Statistics (April 2025 – March 2026)
- Passengers: 98,559 (▼25.1%)
- Aircraft movements: 20,821 (▼12.8%)
- Cargo tonnage: 236.2 (▼6.7%)
- Source: AAI

= Juhu Aerodrome =

Juhu Aerodrome is located in Juhu, an upmarket residential suburb of Mumbai, Maharashtra, India. It is served primarily by general aviation aircraft and helicopters. It was founded in 1928 as one of India's first civil aviation airport, 4 years after the Netaji Subhash Chandra Bose International Airport (CCU) was opened

In 1932, JRD Tata landed at the Juhu Aerodrome, inaugurating India's first scheduled commercial mail service. Juhu served as the city's primary airport during and up to World War II. In 1948, commercial operations were moved to the much larger RAF Santa Cruz (now Chhatrapati Shivaji Maharaj International Airport; CSMIA) which was built 2 km east of Juhu aerodrome during the war.
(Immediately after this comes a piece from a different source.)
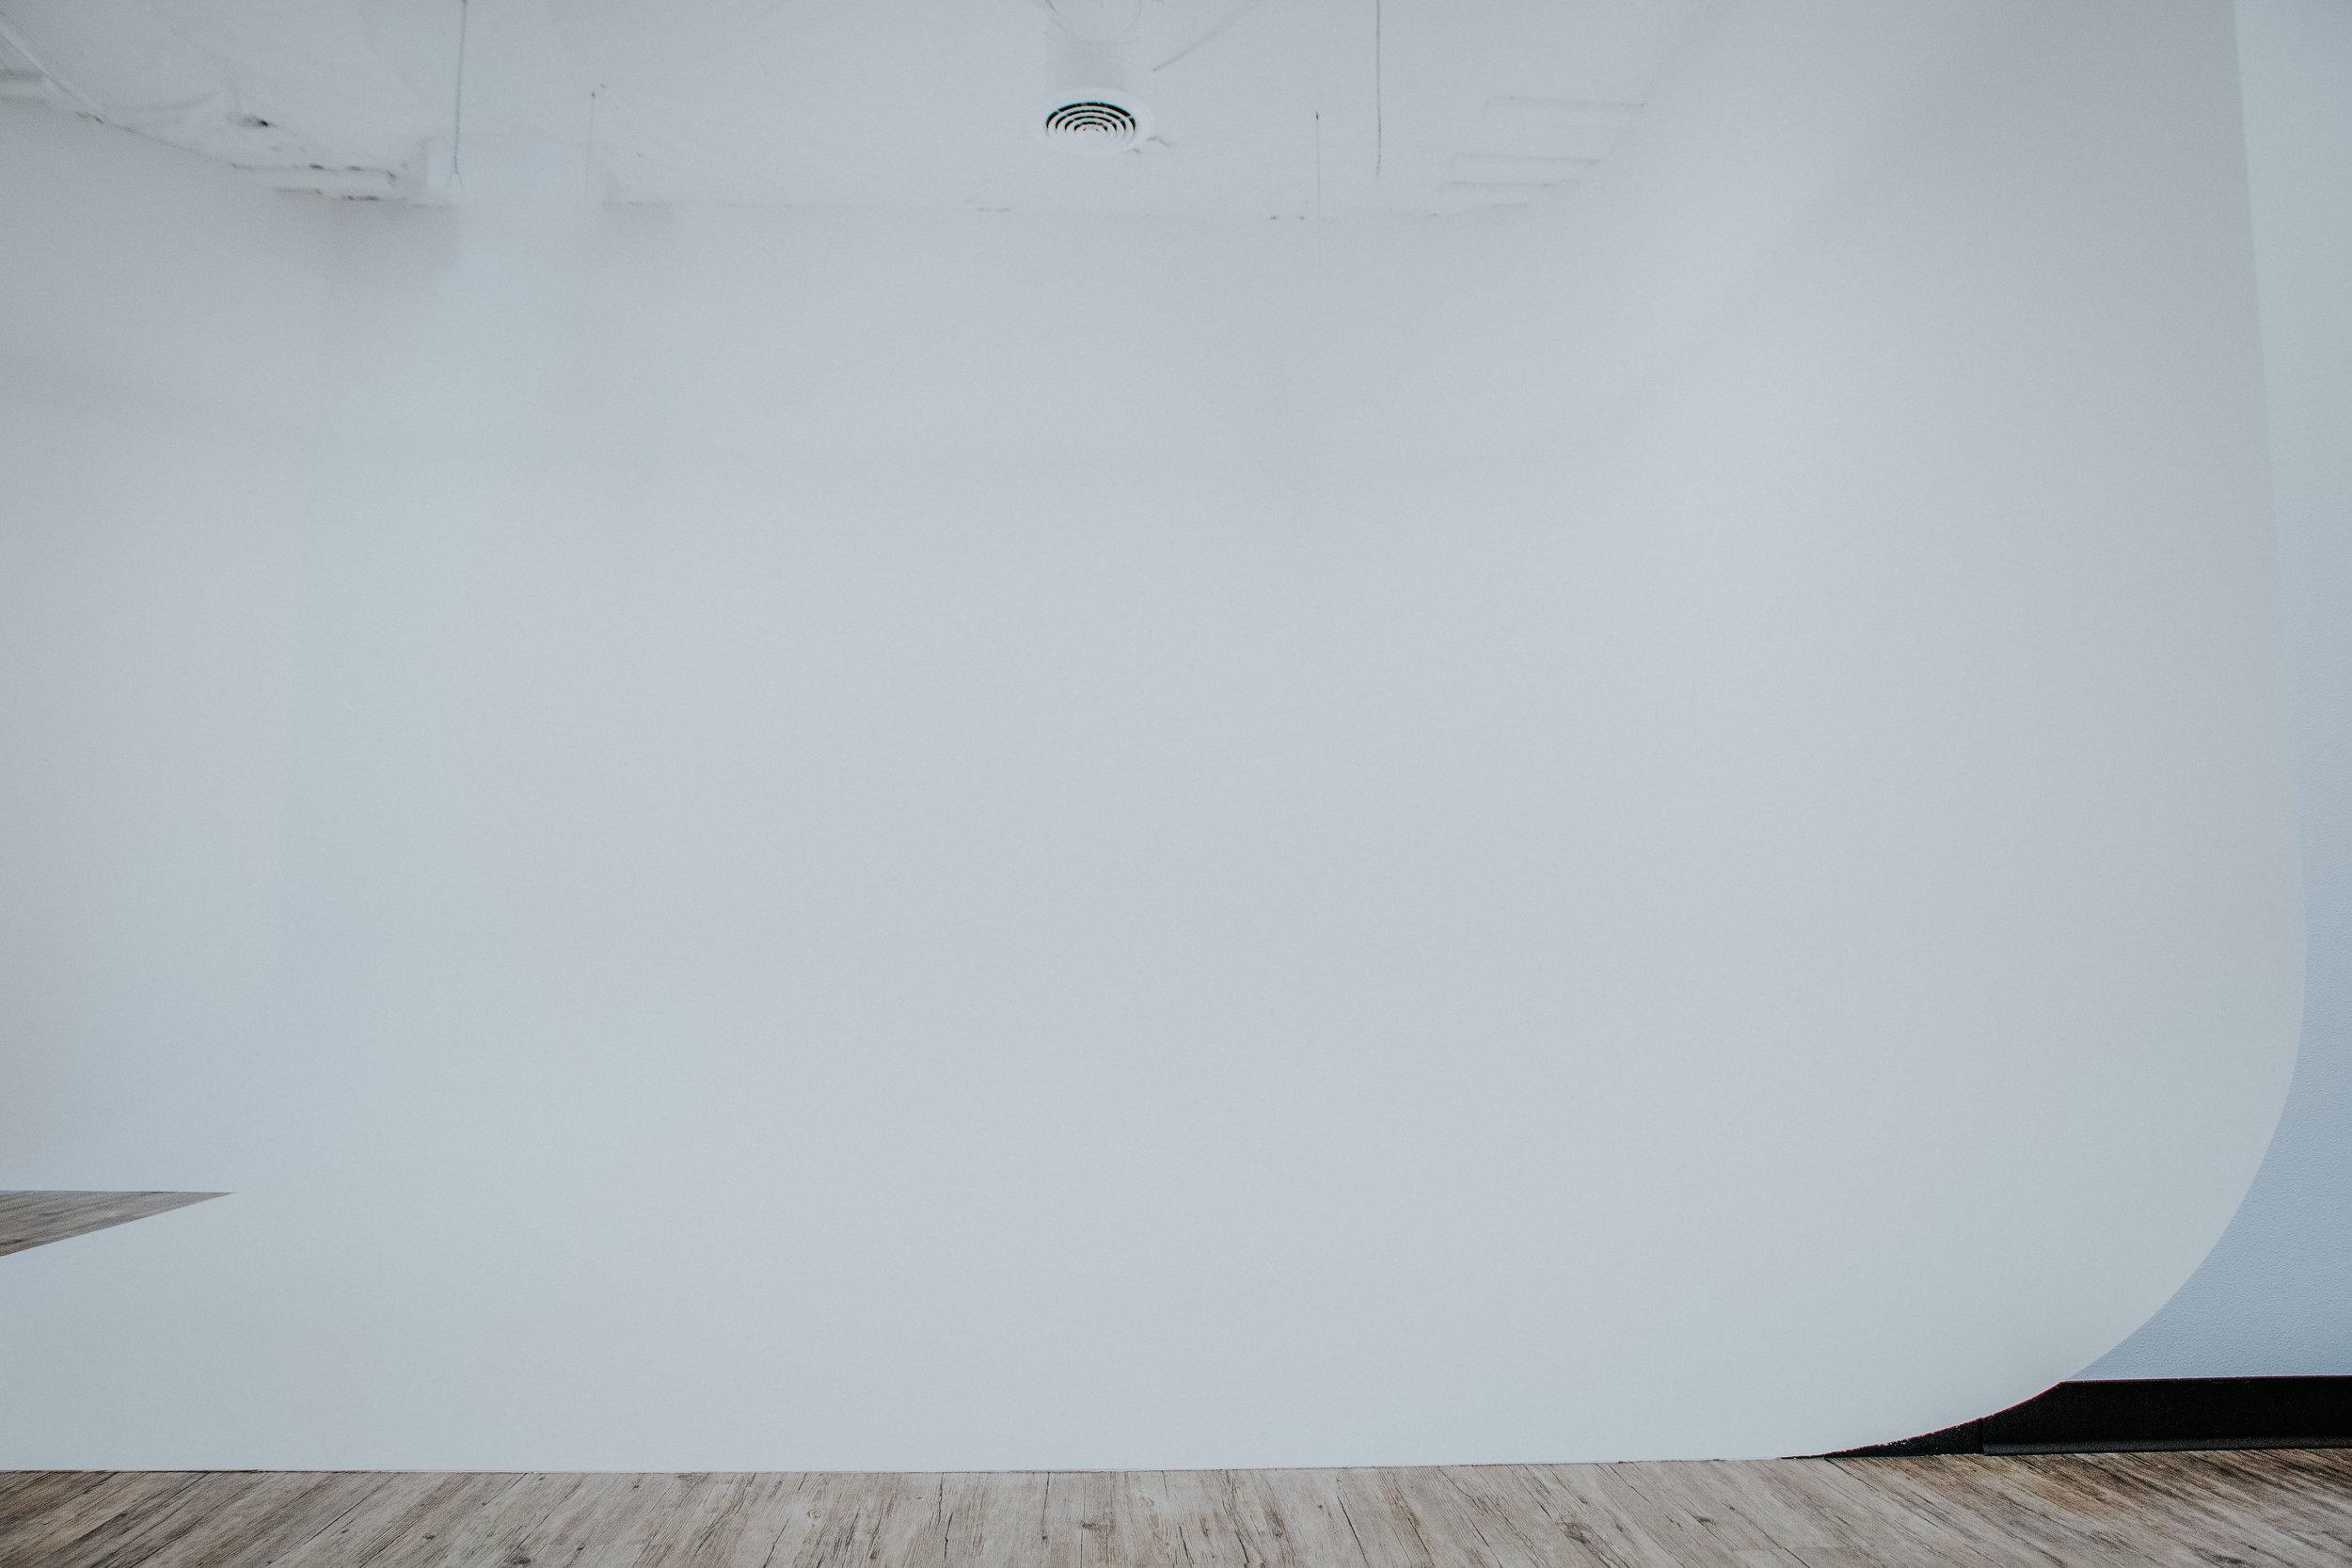 studio boise rental photography idaho-13.jpg

Today, the aerodrome handles all helicopter operations out of Mumbai. It also hosts the Bombay Flying Club and several executive and light aircraft and gliders. In 2010, the Airports Authority of India (AAI), which runs the airport, proposed to extend the runway 08/26 into the sea to allow larger aircraft to land, however permission for this was denied by the Ministry of Environment and Forests. With the New Coastal Regulation Zone (CRZ) rules of 2011 permitting roads on stilts, the Airports Authority of India announced in January 2012 that it would once again pursue its plan of extending the runway at Juhu Aerodrome into the sea.

==History==
The aerodrome started off as an unpaved airfield in 1928, when it took over the role of Bombay's primary airfield from the Kalyan Airstrip which was built in the early 1920s. It was used by the then newly established Bombay Flying Club for teaching, joy-rides, and air travel. The activities of the club were limited by the fact that the aerodrome at Juhu was not suitable during the monsoon. Much progress had been made in the layout of the ground of the aerodrome by 1932, although the ground was still not fit for use during that year's monsoon. J. R. D. Tata, the father of civil aviation in India, made his maiden voyage to Juhu Airport from Drigh Road Airstrip in Karachi, via Ahmedabad, on 15 October 1932 carrying mail in a Puss Moth aircraft.
The Tata Airmail Service, as it was called, continued on to Pune, Bellary, and Madras. This was the birth of Air India, which, in 1932, was based here out of a hut with a palm-thatched roof and had 1 pilot and 2 apprentice mechanics with 2-piston-engined aircraft, a Puss Moth and a Leopard Moth. Two bitumen runways - one aligned East - West, and the others North-Northwest - South-Southeast, were laid in 1936. During the monsoons, operations had to be shifted to Poona due to water logging. A third runway was planned for construction in 1939 but this never occurred. It served as the city's airport up to and during World War II.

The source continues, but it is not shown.